### DATA FOR THIS EXERCISE ###

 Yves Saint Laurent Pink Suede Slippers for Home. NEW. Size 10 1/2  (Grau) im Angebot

###
### DATA FOR THIS EXERCISE ###

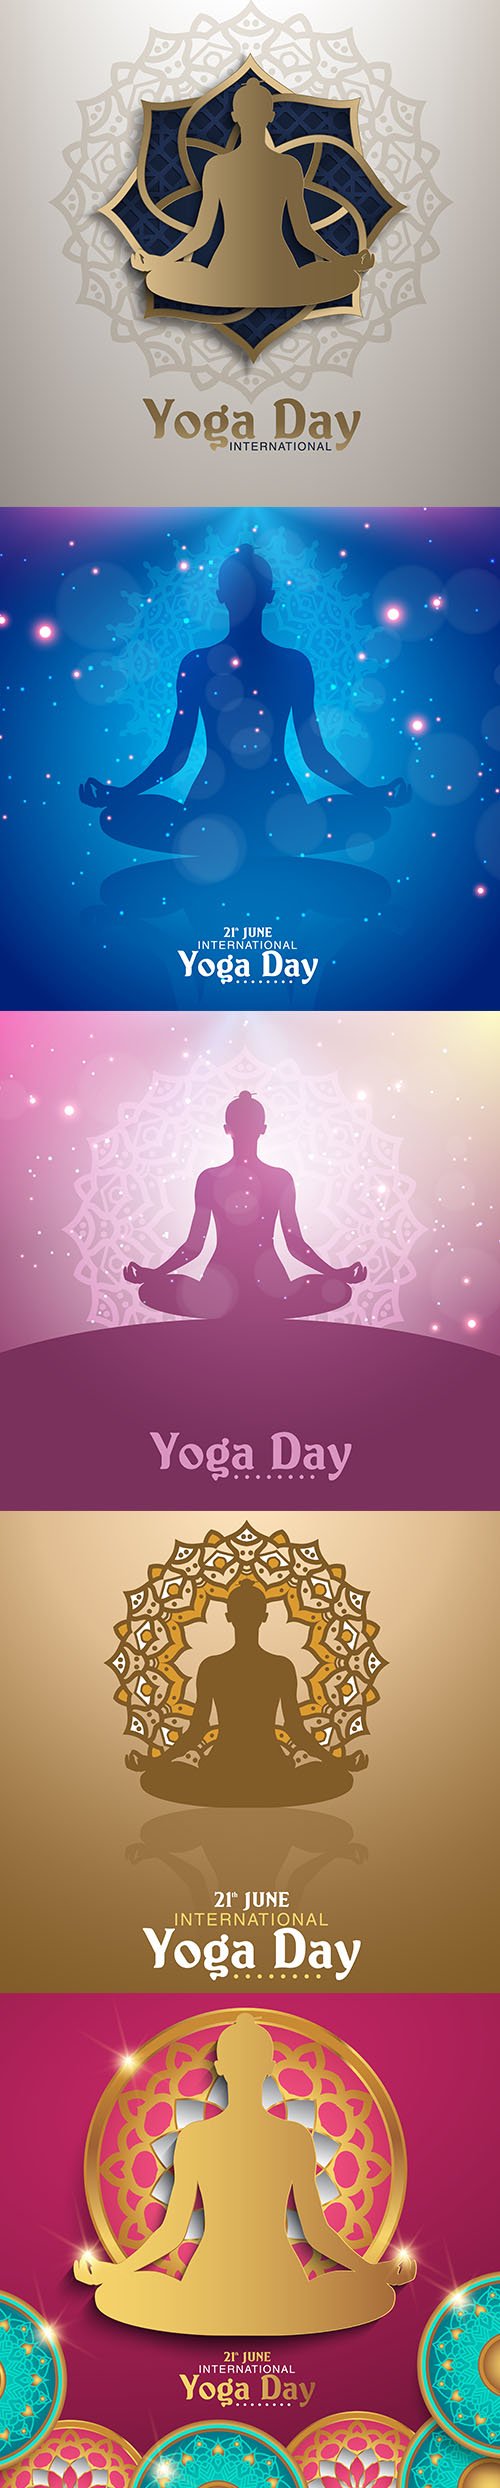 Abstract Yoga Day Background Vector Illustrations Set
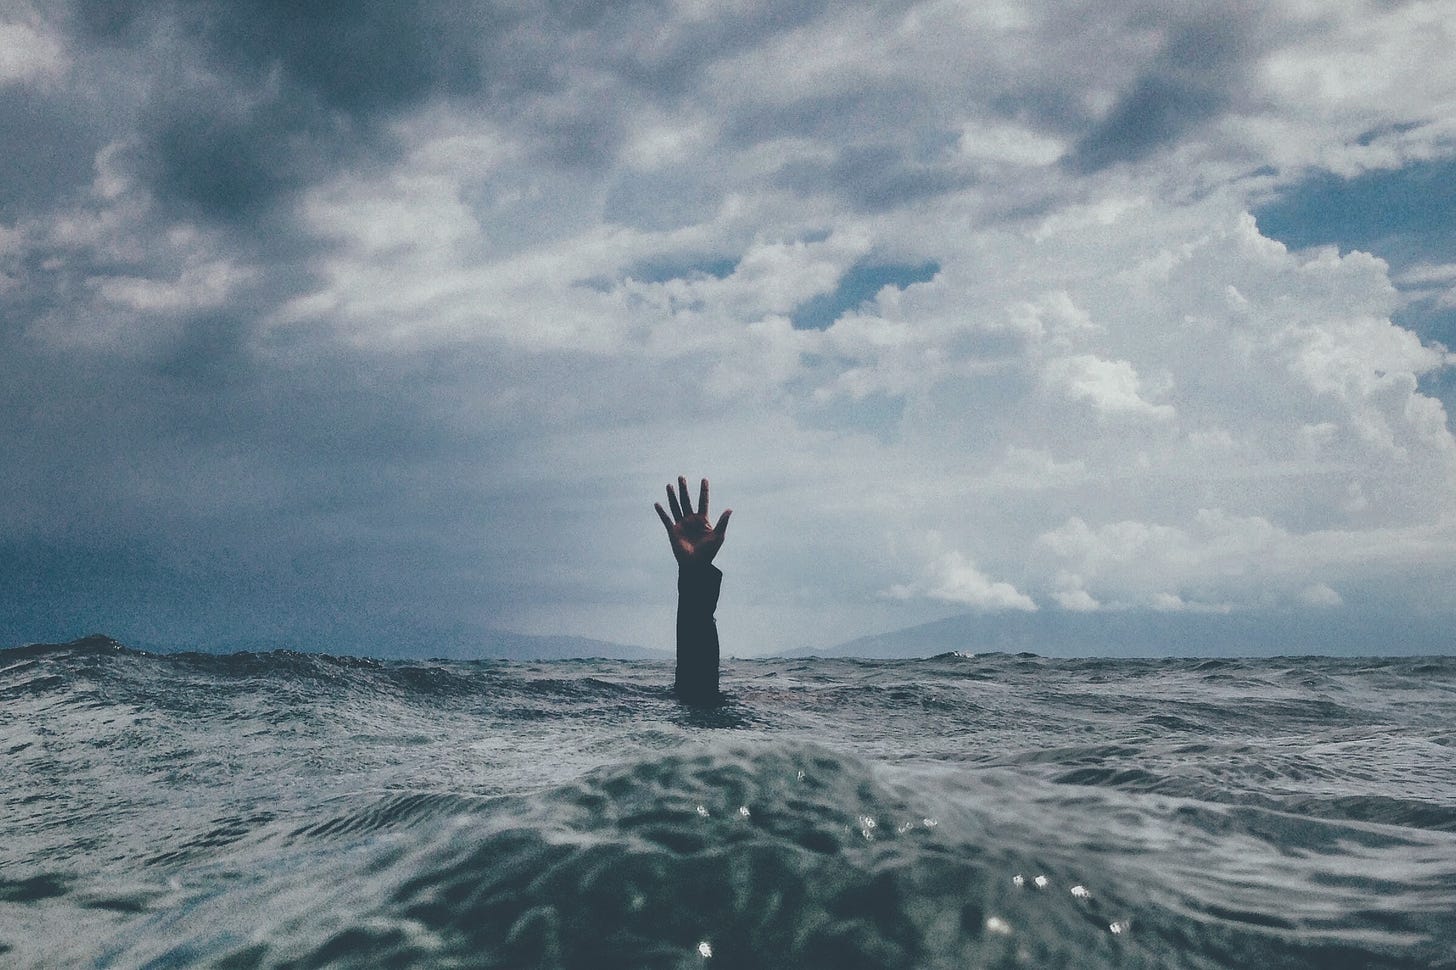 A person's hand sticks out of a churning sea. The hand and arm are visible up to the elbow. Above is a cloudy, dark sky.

###
### DATA FOR THIS EXERCISE ###

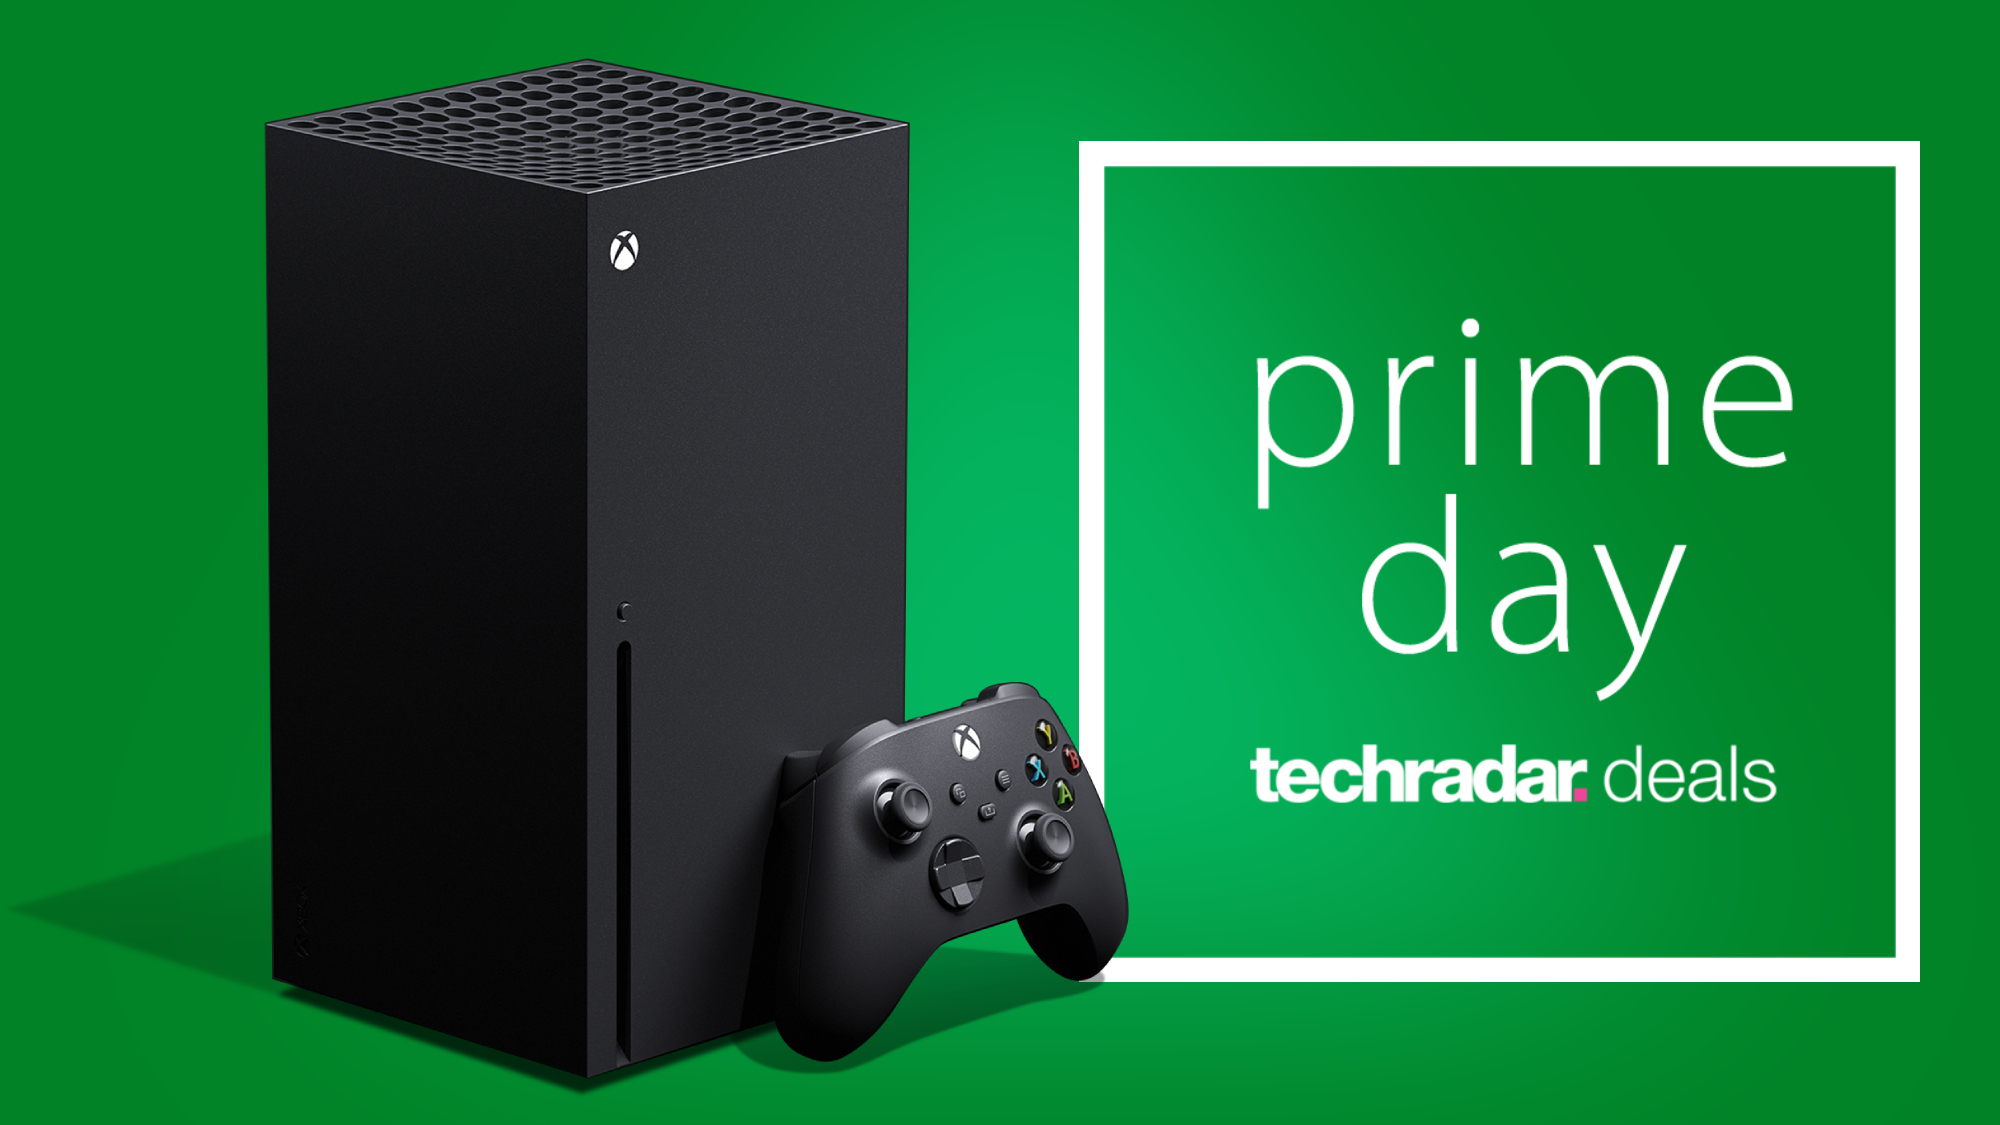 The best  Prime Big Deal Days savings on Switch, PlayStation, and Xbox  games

###

GOAL OF THE EXERCISE |
A clean copy is needed of the lines in the listing above from the one with "Abstract Yoga Day" through the one with "A person's hand", exact in every word and free of pictures.

WRITTEN SOLUTION |
 Abstract Yoga Day Background Vector Illustrations Set
 A person's hand sticks out of a churning sea. The hand and arm are visible up to the elbow. Above is a cloudy, dark sky.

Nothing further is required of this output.